Artificial Intelligence - What Is Computer-Assisted Diagnosis?

 



Computer-assisted diagnosis (CAD) is a branch of medical informatics that deals with the use of computer and communications technologies in medicine.

Beginning in the 1950s, physicians and scientists used computers and software to gather and organize expanding collections of medical data and to offer important decision and treatment assistance in contacts with patients.

The use of computers in medicine has resulted in significant improvements in the medical diagnostic decision-making process.

Tables of differential diagnoses inspired the first diagnostic computing devices.

Differential diagnosis entails the creation of a set of sorting criteria that may be used to determine likely explanations of symptoms during a patient's examination.

A excellent example is the Group Symbol Associator (GSA), a slide rule-like device designed about 1950 by F.A.

Nash of the South West London Mass X-Ray Service that enabled the physician to line up a patient's symptoms with 337 symptom-disease complexes to obtain a diagnosis (Nash 1960, 1442–46).

At the Rockefeller Institute for Medical Research's Medical Electronics Center, Cornell University physician Martin Lipkin and physiologist James Hardy developed a manual McBee punched card system for the detection of hematological illnesses.

Beginning in 1952, researchers linked patient data to findings previously known about each of twenty-one textbook hematological diseases (Lipkin and Hardy 1957, 551–52).
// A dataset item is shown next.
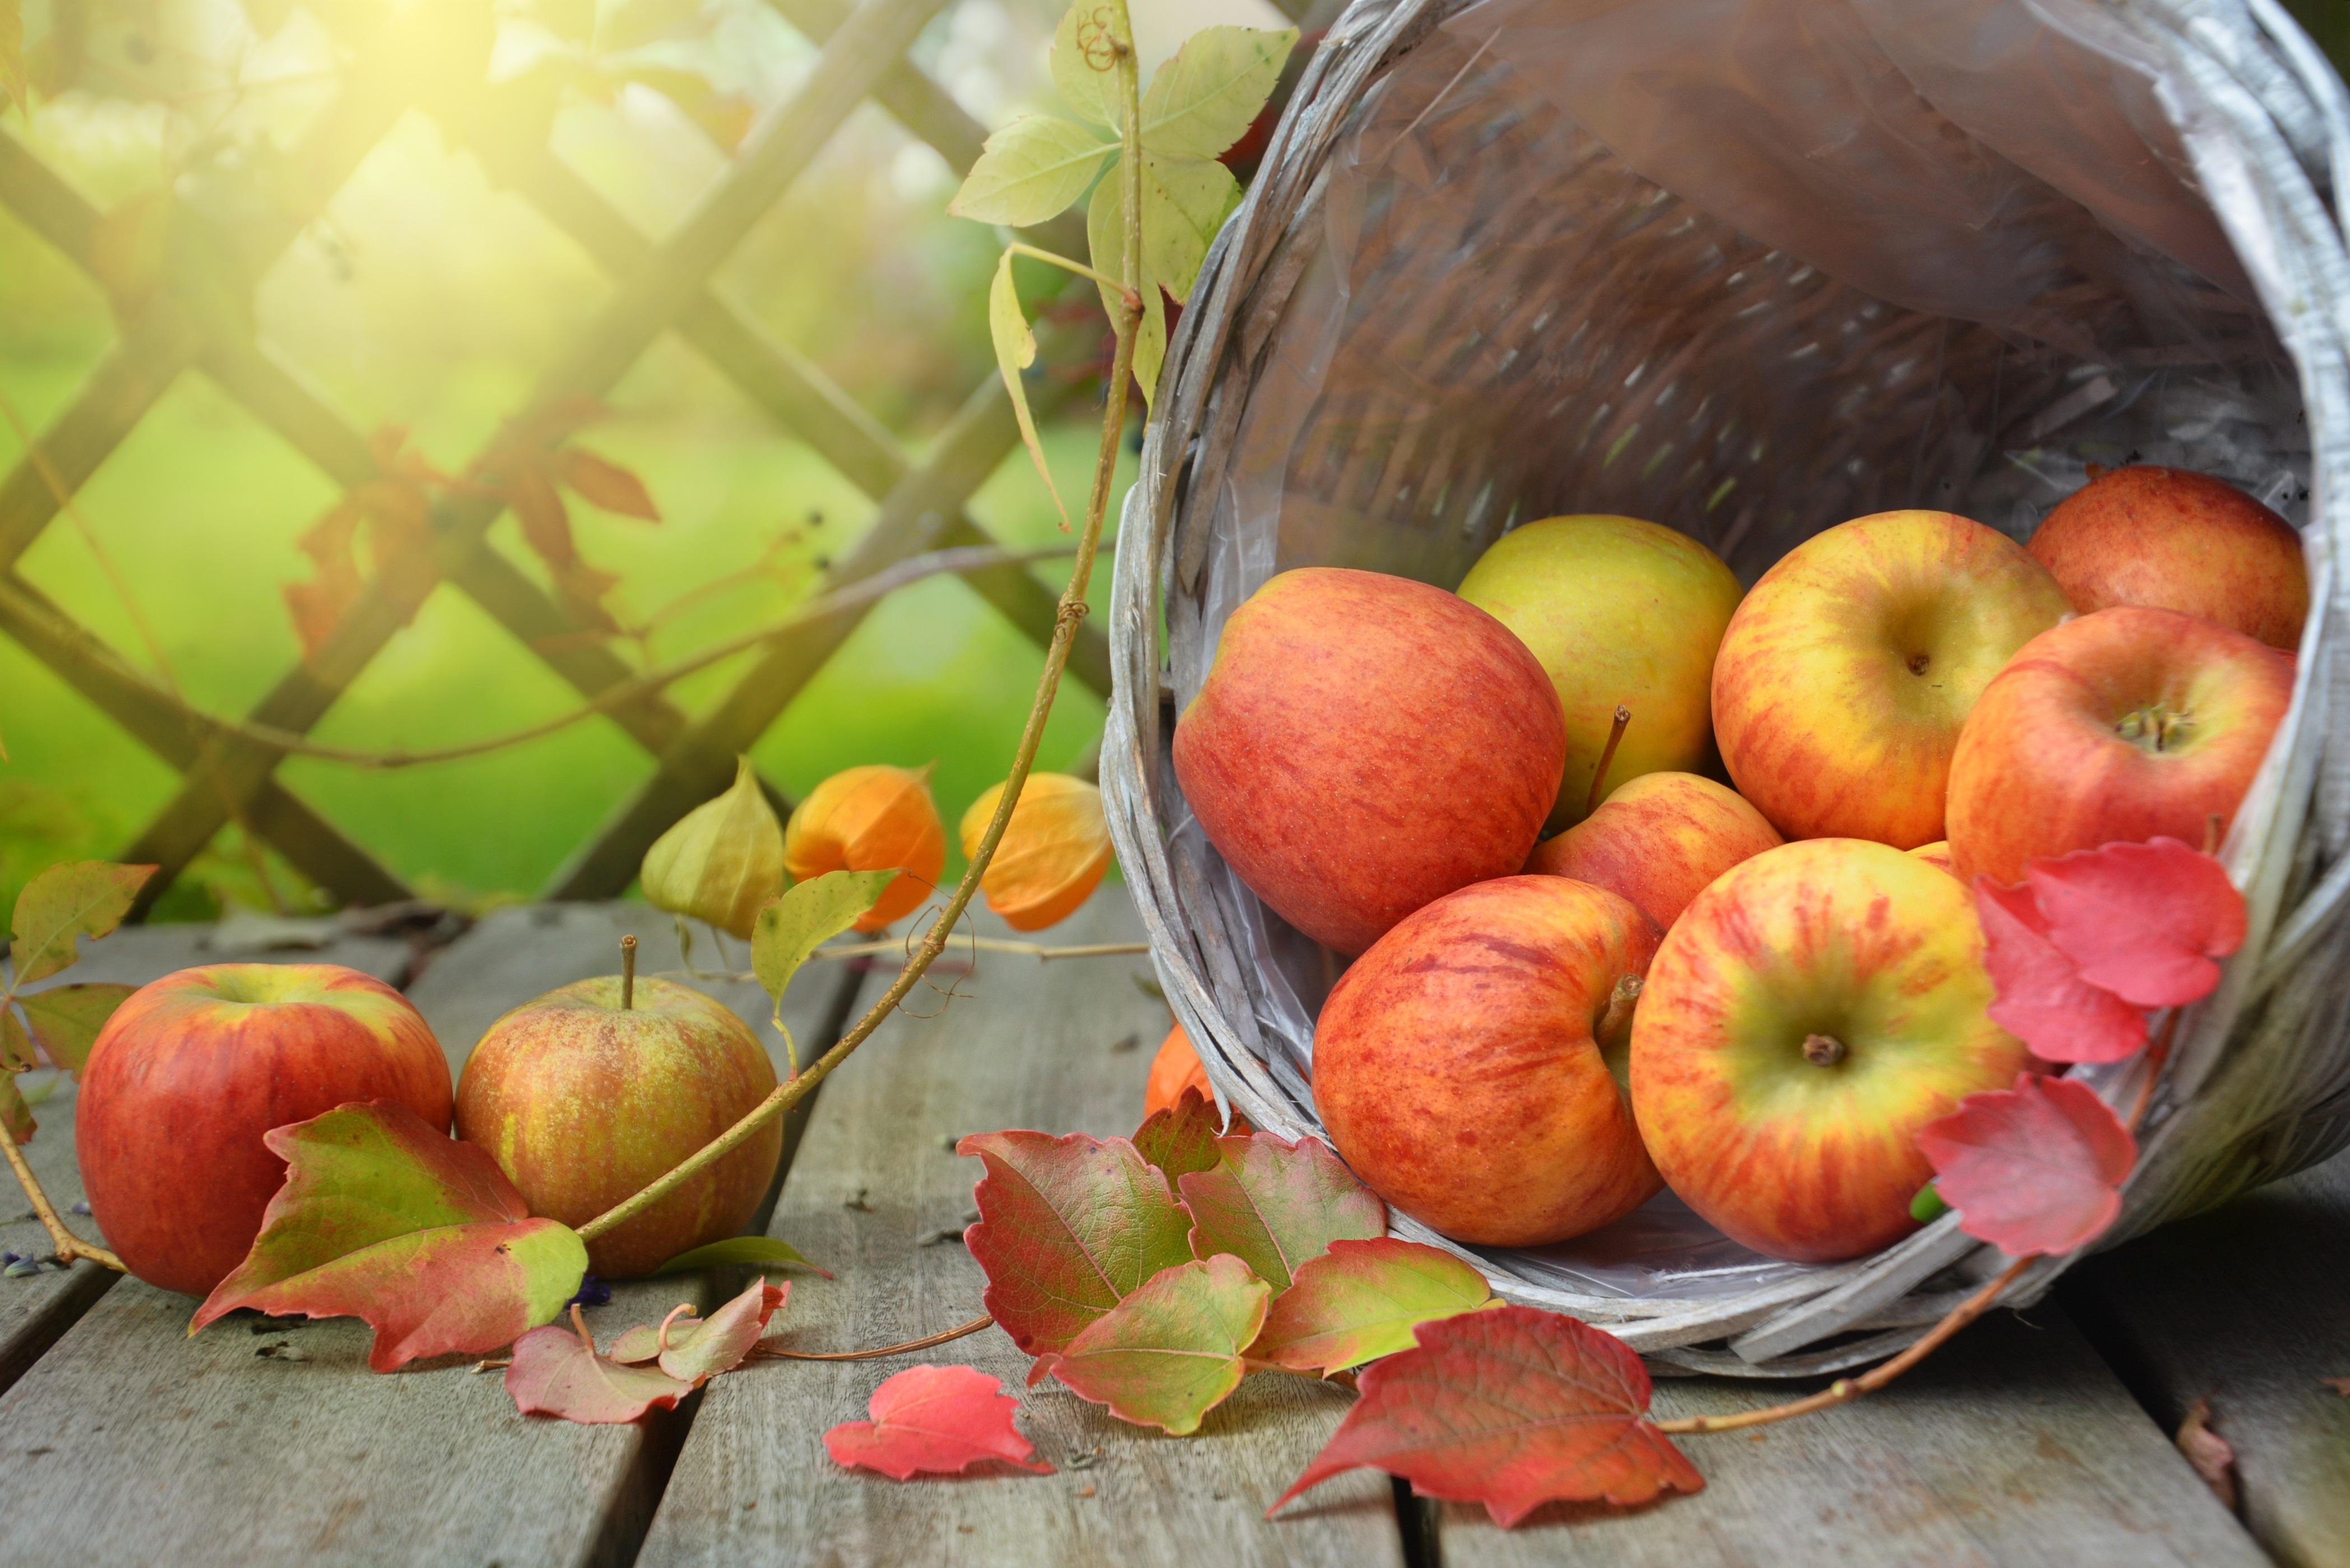 картинка на рабочий стол осень фрукты предоставляется

The findings impressed the Medical Electronics Center's director, television pioneer Vladimir Zworykin, who used Lipkin and Hardy's method to create a comparable digital computer equipment.

By compiling and sorting findings and creating a weighted diagnostic index, Zworykin's system automated what had previously been done manually.

Zworykin used vacuum tube BIZMAC computer coders at RCA's Electronic Data Processing Division to convert the punched card system to the digital computer.

On December 10, 1957, in Camden, New Jersey, the finalized Zworykin programmed hematological differential diagnosis system was first exhibited on the BIZMAC computer (Engle 1992, 209–11).

As a result, the world's first totally digital electronic computer diagnostic assistance was developed.

In the 1960s, a new generation of doctors collaborated with computer scientists to link the concept of reasoning under ambiguity to the concept of personal probability, where orderly medical judgments might be indexed along the lines of gambling behavior.

Probability is used to quantify uncertainty in order to determine the likelihood that a single patient has one or more illnesses.

The use of personal probability in conjunction with digital computer technologies yielded unexpected outcomes.

Medical decision analysis is an excellent example of this, since it entails using utility and probability theory to compute alternative patient diagnoses, prognoses, and treatment management options.

Stephen Pauker and Jerome Kassirer, both of Tufts University's medical informatics department, are often acknowledged as among the first to explicitly apply computer-aided decision analysis to clinical medicine (Pauker and Kassirer 1987, 250–58).

Identifying all available options and their possible consequences, as well as creating a decision model, generally in the form of a decision tree so complicated and changing that only a computer can keep track of changes in all of the variables in real time, is what decision analysis entails.

Nodes in such a tree describe options, probabilities, and outcomes.

The tree is used to show the strategies accessible to the physician and to quantify the chance of each result occurring if a certain approach is followed (sometimes on a moment-by-moment basis).

Each outcome's relative value is also expressed mathematically, as a utility, on a clearly defined scale.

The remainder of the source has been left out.